Personal Finance Concept [Part 3/8]: A Primer on Annuities
🛒 New Inflation Warning: Last year, supply chain inflation came down sharply. But excess inventories due to decreased consumer demand and a lack of new storage facilities are putting upward pressure on warehousing rates. Now, full warehouses and distribution centers are leading shippers to store their products in containers on chassis, putting extra pressure on chassis pools nationwide and racking up penalties that will get passed onto consumers. (CNBC)
Our Take: While supply chain inflation has been easing, national warehouse storage rates remain high. If this trend continues, there is a possibility inflation rises again.
🪧 Rise in Activist Investing: Activist investor, Nathan Peltz, who owns $1B in Disney stock, called out Disney for its messy CEO transition, overpaying on acquisitions (e.g., Fox), and high operating costs. In response, CEO Bob Iger created a plan that restructures the company and reduces operating costs, including laying off 7K workers and giving business control back to creative leads. Peltz walks away with a 20% return but no board seat. (Reuters)
Our Take: Activists are pushing companies to improve results by laying off staff and other cost-cutting measures. Their aggressive plays have led to stock market optimism and share buybacks amid a market decline, allowing them to have a record year in 2023.
Note: Activist investors make money by buying shares of underperforming companies, influencing management, and then selling at a profit.
🚫 Unfair Crypto Banning: SEC Commissioner, Hester Peirce, vocally dissented against her agency’s forced shutdown of Kraken’s crypto exchange staking program. As part of Kraken’s legal settlement, it shut down its staking service, where users could earn interest by staking select cryptos (like Ethereum) to their native networks.

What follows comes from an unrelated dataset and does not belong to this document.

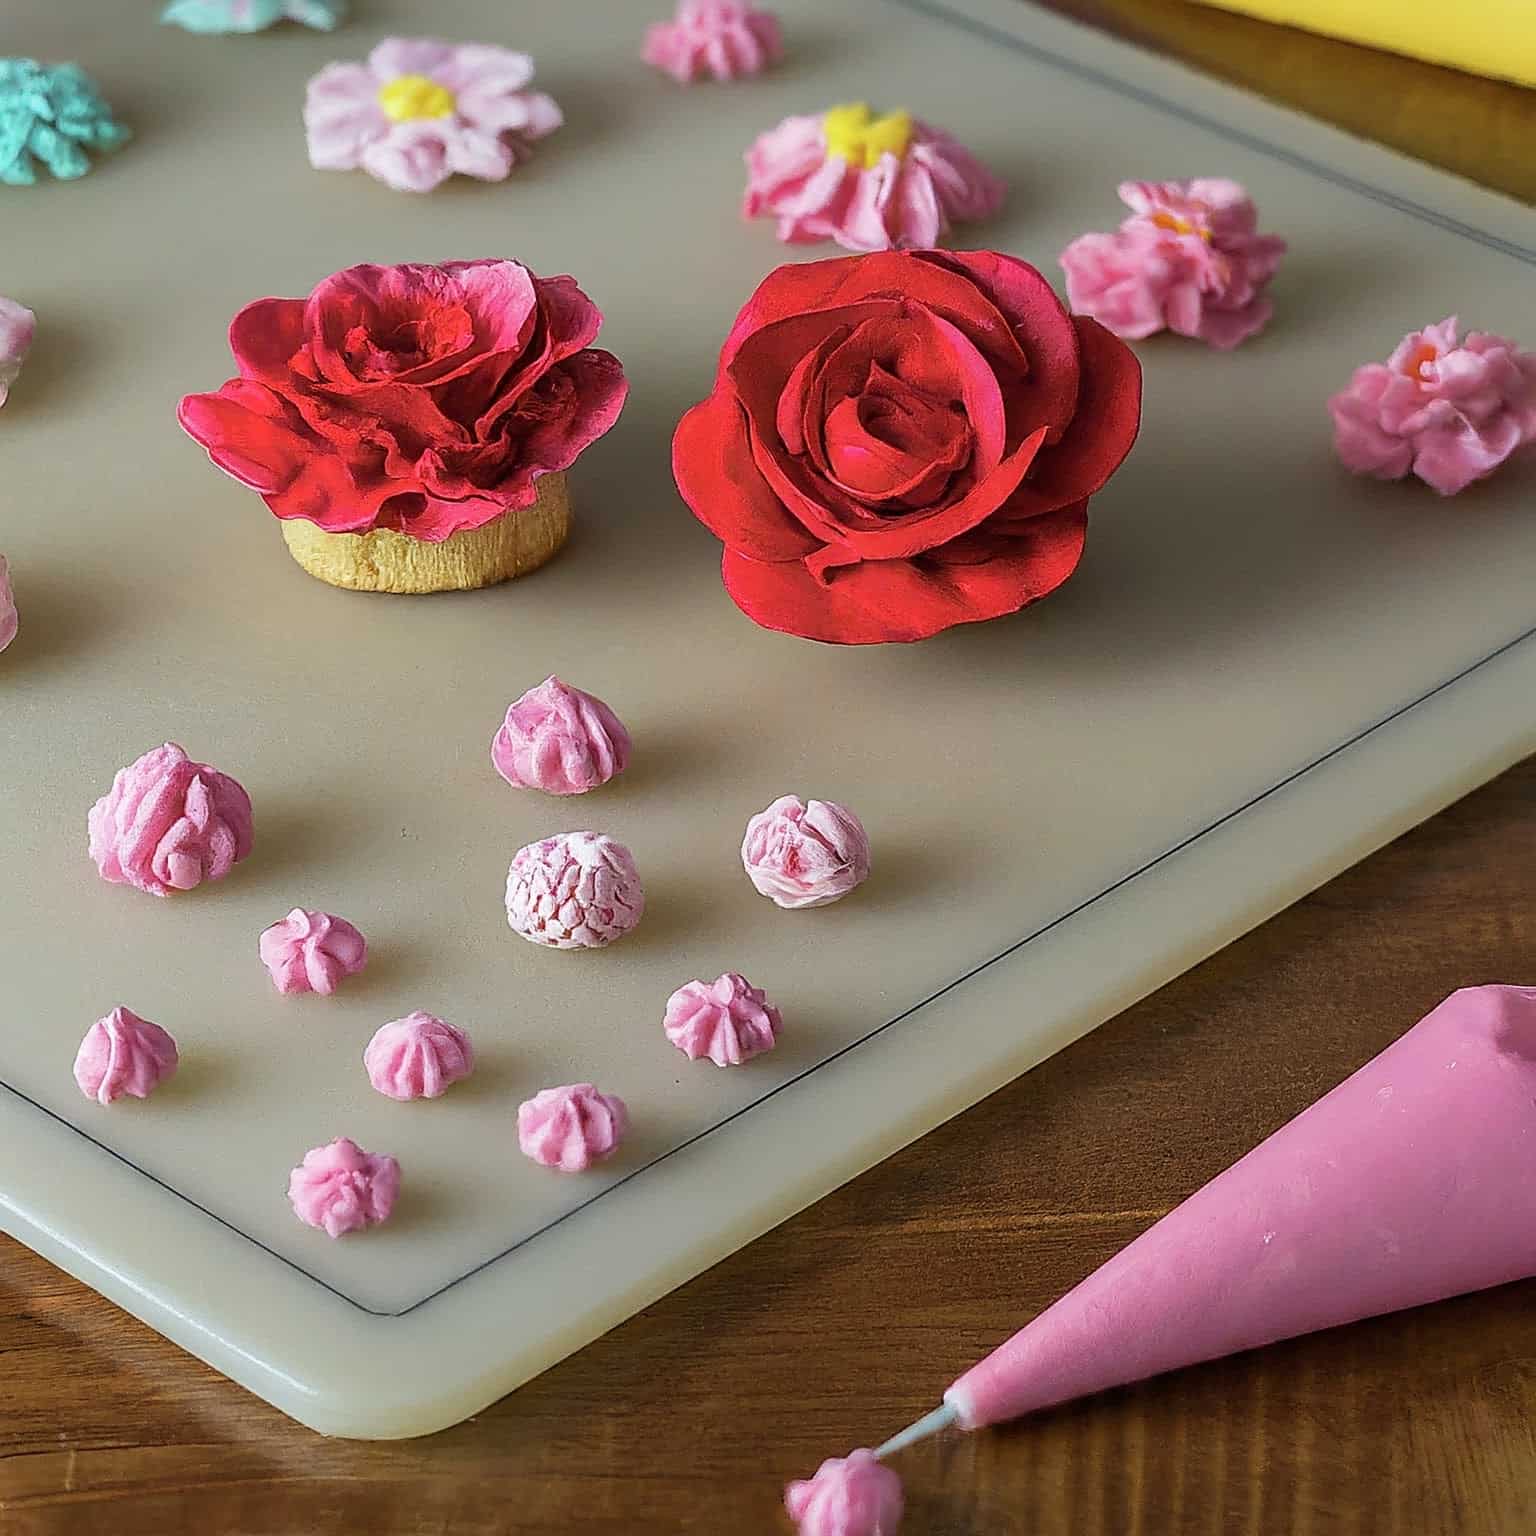 Royal Icing Flowers on a table

She believes the SEC has not given crypto exchanges a fair shot to register their products before suing them for non-compliance. (CNBC)
Our Take: The SEC’s pursuit of honest firms is causing uncertainty within the U.S. crypto space, while many feel the SEC failed to protect investors from the crypto frauds of FTX and Celsius Network. To avoid harming Web3 tech development, Congress will have to set clear guardrails for the industry.
👊🏽 U.S. v.s. Big Tech: During Biden’s State of the Union, there was bipartisan applause as Biden spoke on curbing Big Tech’s power. Congress’s concerns range widely from data privacy, social media’s impact on kids, and tech’s monopoly power. Issues like regulating social media and privacy laws have received bipartisan support. But, others like breaking up tech’s monopoly power and censorship have a partisan divide. Despite finding common ground, potent obstacles of partisanship and tech lobbyists remain. (WIRED)
Our Take: By 2025, it’s fair to expect a federal privacy law that will restrict how tech firms use personal data and clarify users’ rights to their data. Federal involvement will be necessary to smooth over the growing number of states with their own privacy laws and maintain the U.S. tech sector’s edge.
🇰🇵 Kim 4.0: North Korean leader, Kim Jong Un, is positioning his 10-year-old daughter, Kim Ju-ae, as the 4th ruler of the Kim dynasty. She made her 5th public appearance by his side during last week’s military parade. The state media refers to her as Un’s “respected” daughter, a term only used for Kim Jong Un after his Supreme Leader ascension was publicized. At 39, Kim is preparing his successor early to obtain buy-in from the military and populace of a patriarchal society. (CNN)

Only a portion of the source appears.